What's Behind the White House Staff Shake-Up?
April 19, 2006 — -- Republicans have been urging the president to shake up his staff. Now he has given them what they want. Or has he?
We won't know until the staff changes are complete, and until a new Bush agenda has been unveiled. But for now, Bush has quieted some of his in-party critics.
One Republican consultant, who did not want to be named, told ABC News, "Look, he has at least taken some important first steps. ...These changes have given the impression of new energy. We needed that. I just hope there is sufficient follow-through to keep up the energy."

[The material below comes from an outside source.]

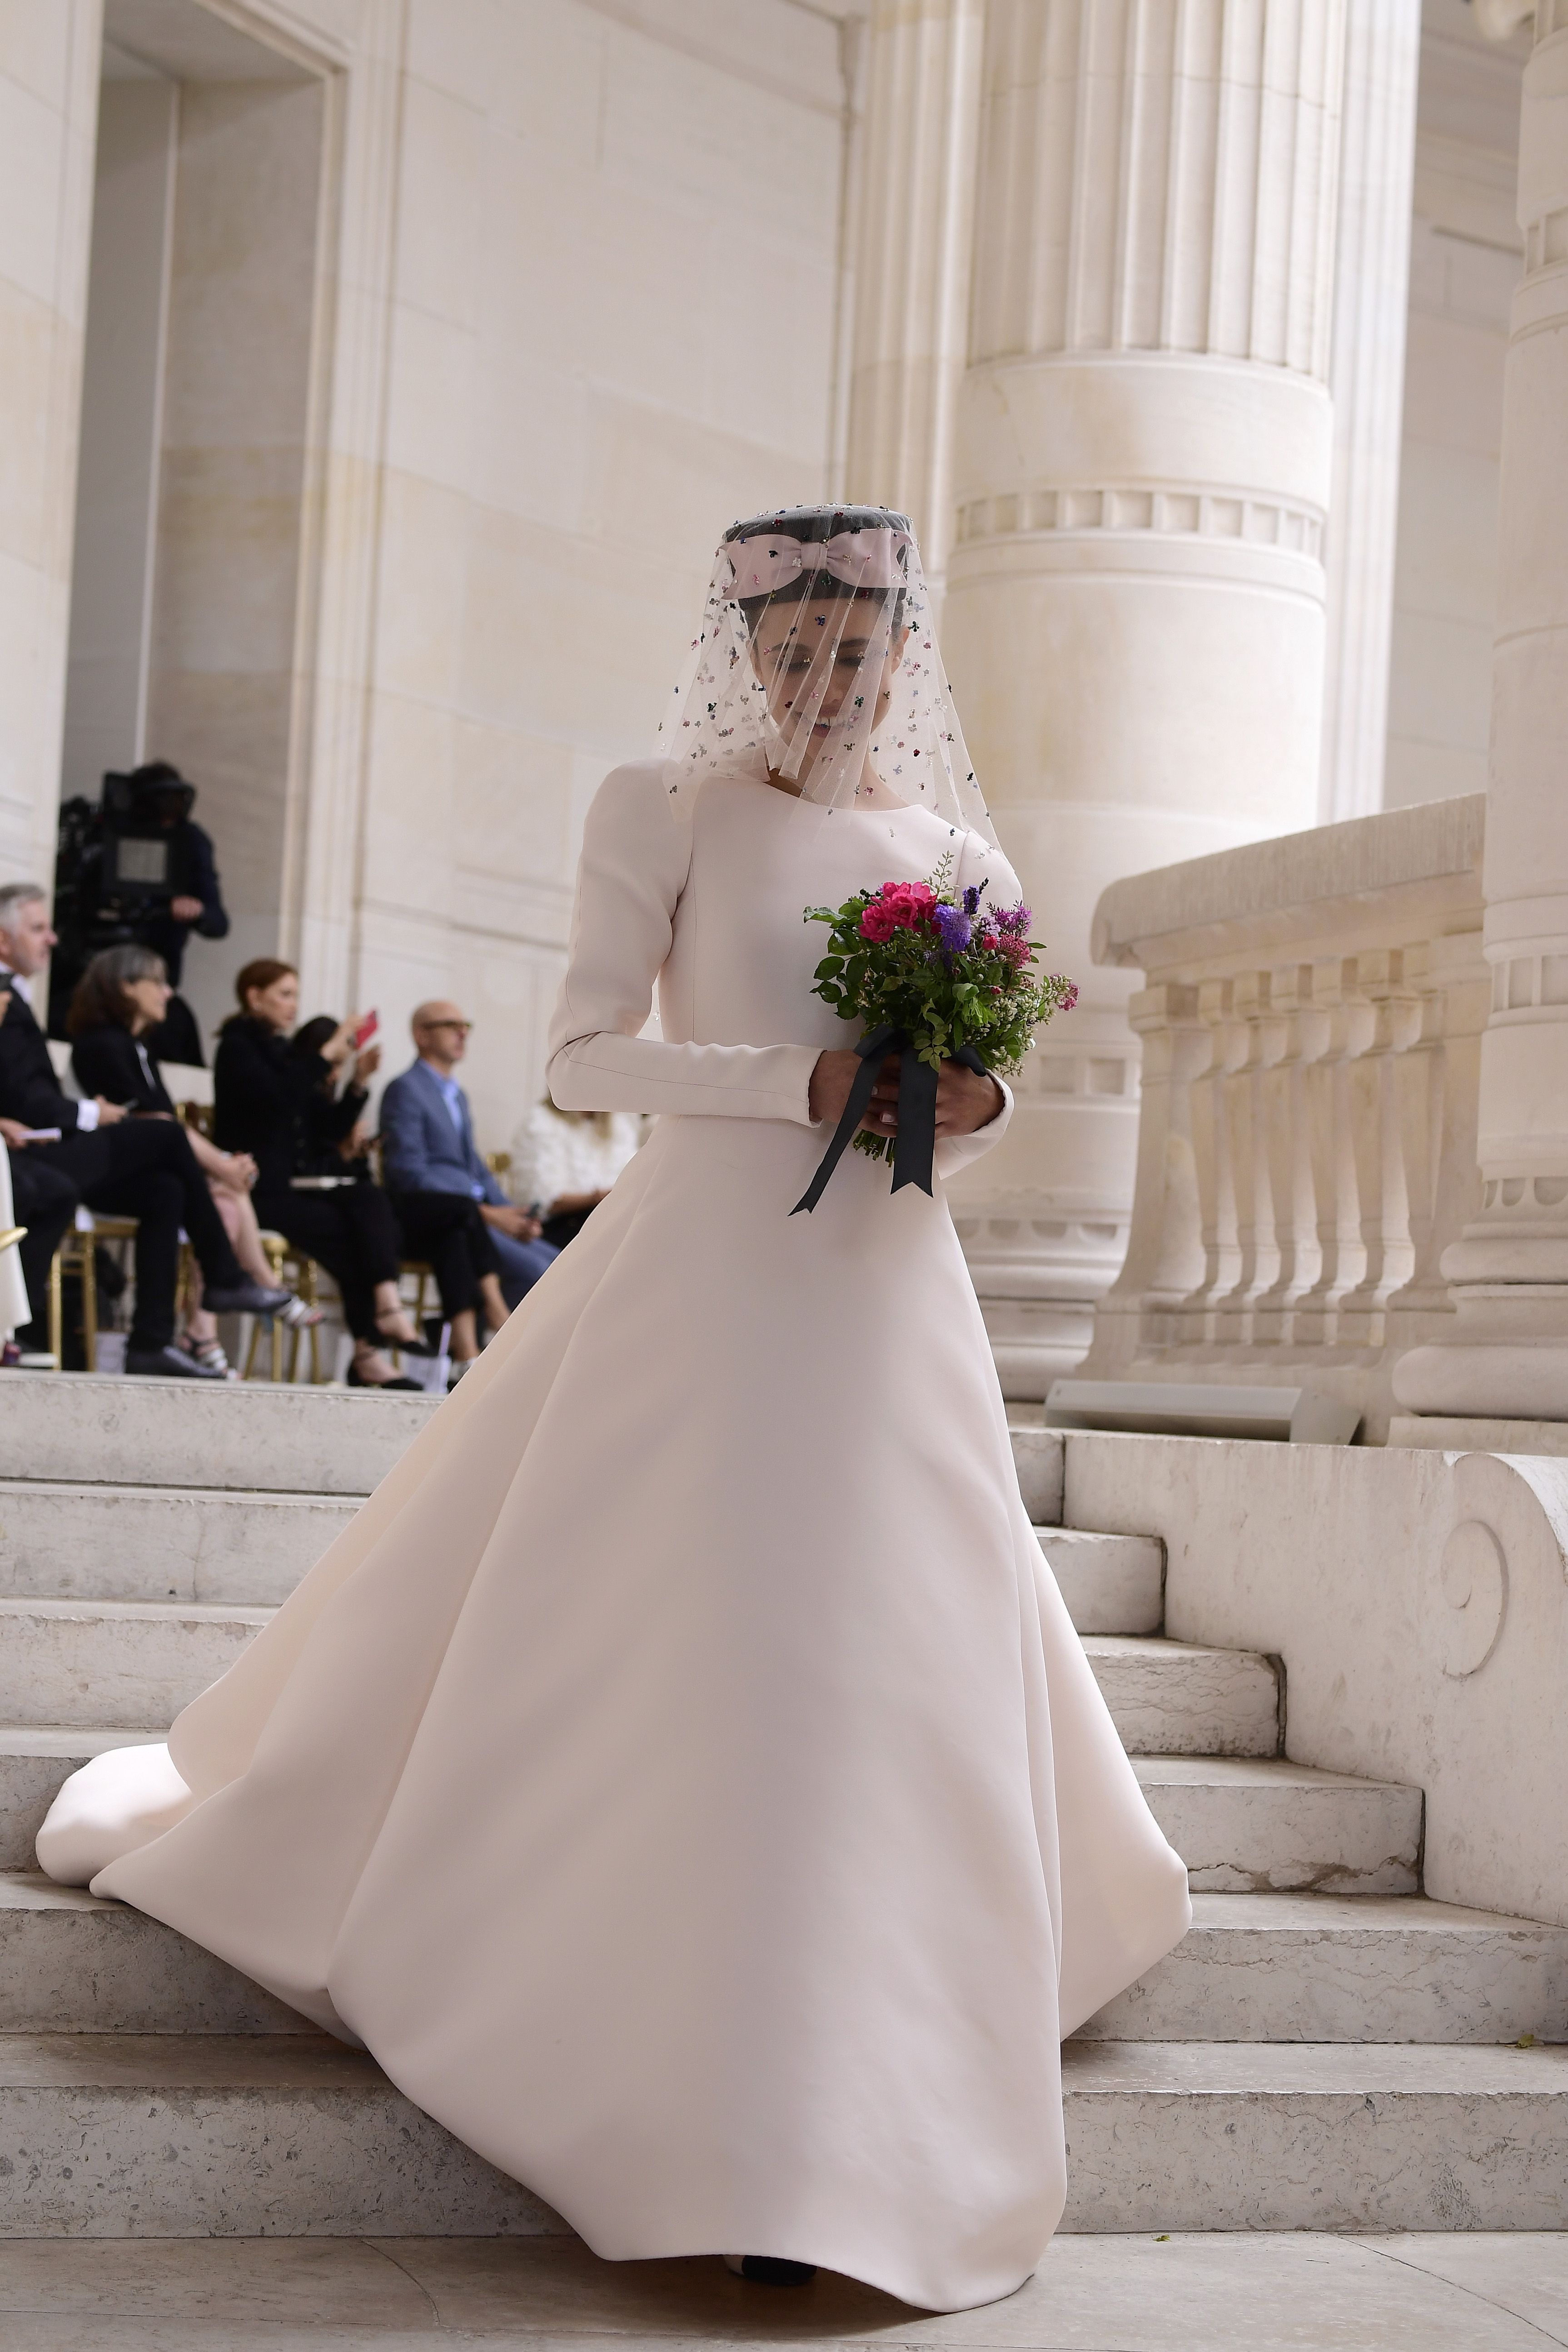 Producción Faringe saludo 10 vestidos de novia de Chanel preciosos que serán la mejor inspiración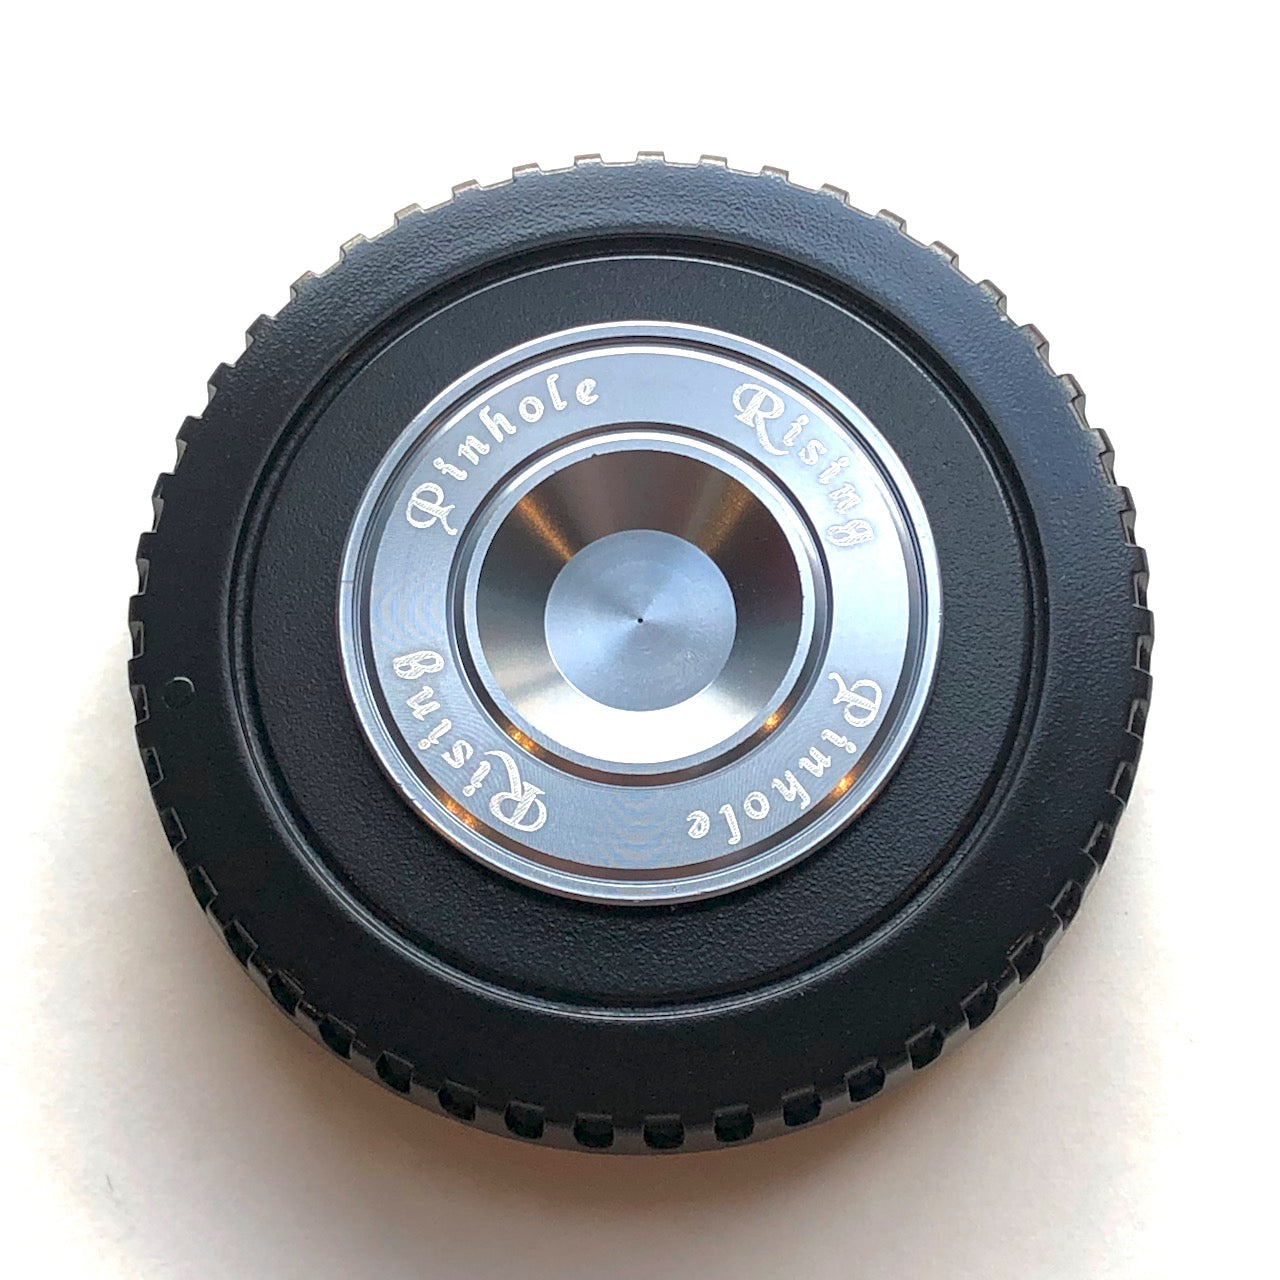 Rising Pinhole Camera Lens for Canon EF

The change most people will notice is the impending departure of press secretary Scott McClellan. No one, with the possible exception of the president, spends more time on TV expounding the White House line on whatever the subject of the day is.
Privately, a number of Republicans on Capitol Hill wanted him to go. They found McClellan unpersuasive and bland. They also thought his credibility had been damaged after he assured the nation that White House aides knew nothing about the "outing" of CIA official Valerie Plame. When that proved untrue, reporters subjected McClellan to one of the most brutal grillings in recent memory.
While McClellan's credibility may have been damaged, it was not because reporters felt he had purposely lied. Most reporters regard him as a decent man who simply repeated what his superiors told him.
McClellan said he told the president on Monday he would be leaving. It is not clear whether McClellan chose to resign or was pushed. It is widely assumed in Washington that McClellan was given the signal that this might be a good time to find less stressful work.
He will probably also find lucrative employment. Most ex-press secretaries do very well after stepping down as the mouthpiece for the leader of the free world. As McClellan's predecessor, Ari Fleischer, has found, making speeches for hire can be very profitable.
One of the few who didn't make much of an effort to cash in was Marlin Fitzwater, who served George H.W. Bush. He made a brief stab at consulting, and then wrote his memoirs, the most affecting part being his recounting of a hardscrabble Kansas childhood in a dirt-floor house. Fitzwater now lives modestly in eastern Maryland, sometimes casting an acerbic eye toward goings-on inside the beltway. He seems quite content.